The alleged scheme began in 2020 and lasted until mid-2023, targeting investors in the United States, Asia, Latin America, Europe, and the Middle East.
A new civil lawsuit expands the scope of “the largest known real estate fraud scheme in Baltimore history” with new defendants and additional allegations involving dozens of properties in an investment fraud that spanned the globe and resulted in millions of dollars in damages.
The complaint, first reported by the Baltimore Sun, adds alleged co-conspirators Patrick Cox and Kevin Dunlap to an earlier sentence against former ABC Capital CEO Jason Walsh. The complaint builds on an existing $5.6 million judgment against Walsh and adds 17 counts of “false real estate transfers” and 44 property improvements that were allegedly paid for but never completed.

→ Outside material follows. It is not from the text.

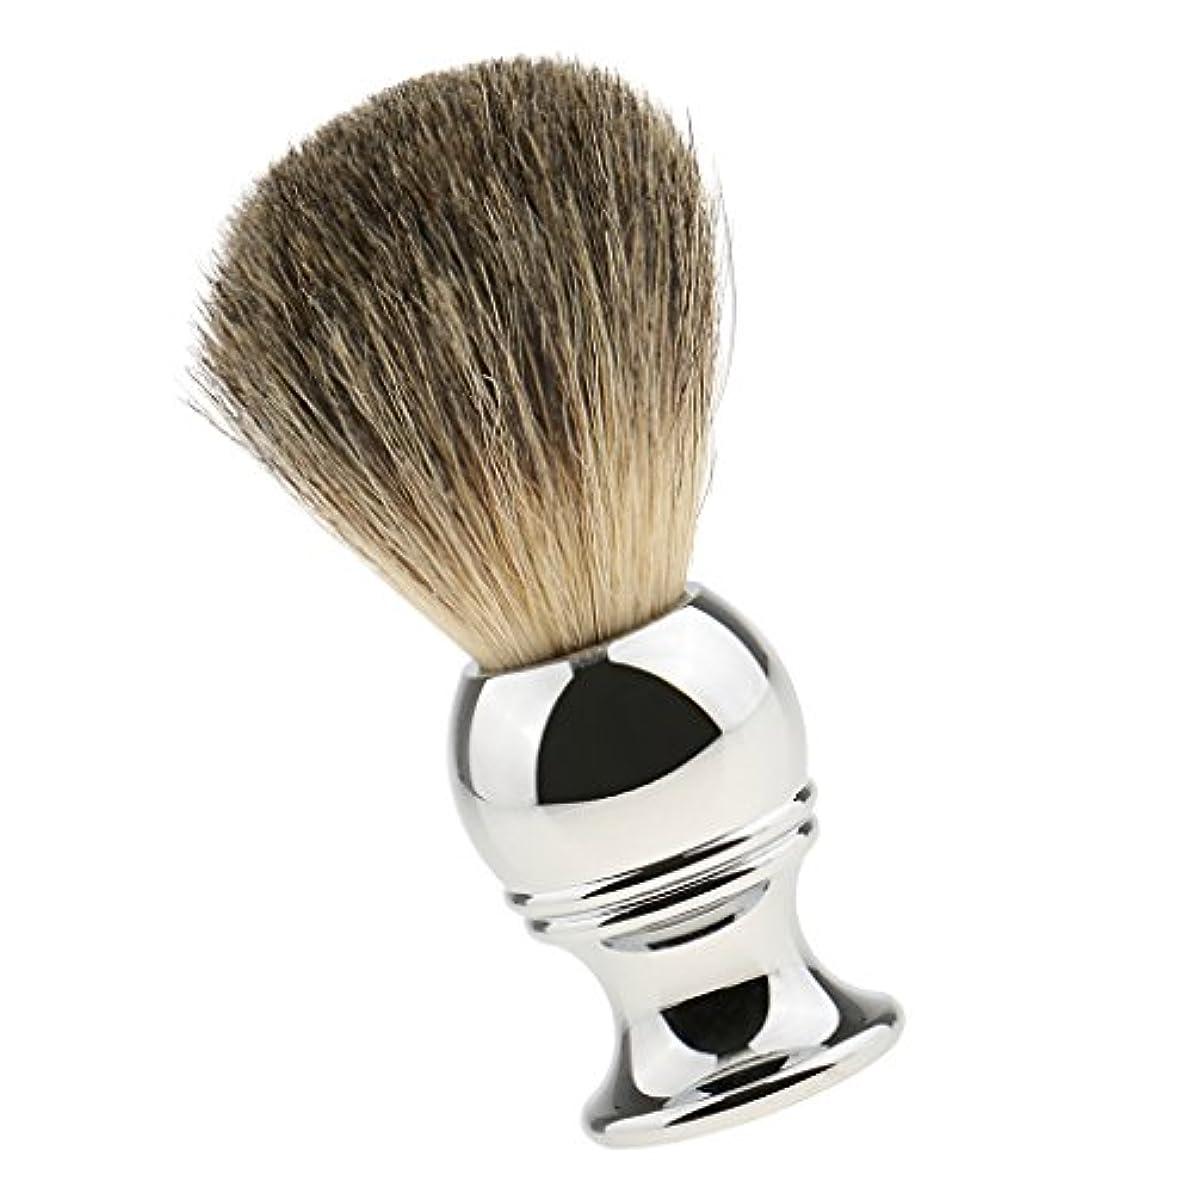 予言する味付けヒロイック男性用 高密度 シェービングブラシ ロングハンドル 髭剃り 洗顔 ブラシ シェーブツール

The alleged scheme began in 2020 and lasted until mid-2023. The scams are believed to have targeted investors in the United States, Asia, Latin America, Europe and the Middle East. The plan was to give investors access to Baltimore’s distressed housing market and to persuade them to buy rowhouses, renovate them, and turn them into rentals.
Rather, the lawsuit alleges that the defendants engaged in a “systematic fraud that involved forging deeds, forging signatures, forging remittance confirmations, and misappropriating renovation funds,” according to court filings.
Former Deputy Attorney General Thiru Vignarajah and lead plaintiff Serkan Gökmena explained the inner workings of the fraud scheme at a press conference on Monday, presenting voice notes, text messages and emails that support their claims.
At Walsh’s direction, Cox and Dunlap allegedly created fake email accounts in the names of real buyers or purported buyers and provided those addresses to title companies so they could send approval requests. The three then allegedly logged into the fake accounts and signed documents on behalf of the buyers.
Walsh allegedly instructed the men to make up names and personal information in order to complete the transaction. In one case, “make up a name like a Turkish name, a name like Omar, for the buyer,” he said. On another occasion, he criticized men’s “cheating” in forging signatures.
Walsh allegedly instructed Cox and Dunlap to use a virtual private network (VPN) to mask their IP addresses so that the emails appeared to come from or to the victim’s country of origin. At one point, Mr. Cox complained about this practice, saying that his email account was “starved” and that it was difficult to obtain a new phone number.
This is not Mr. Walsh’s first encounter with the legal system. Separate from an existing judgment in Baltimore County, the state of Pennsylvania in November fined Mr. Walsh $350,000 for violating a settlement agreement with the state attorney general for failing to maintain residential properties, failing to obtain rental licenses and failing to use a professional property manager.
Large-scale real estate fraud is common in Baltimore. In October 2025, a New York-based fraud ring snapped up more than 700 properties across the city and subsequently defaulted on $100 million in loans, resulting in hundreds of foreclosures and the evicting of hundreds of tenants in majority-Black neighborhoods.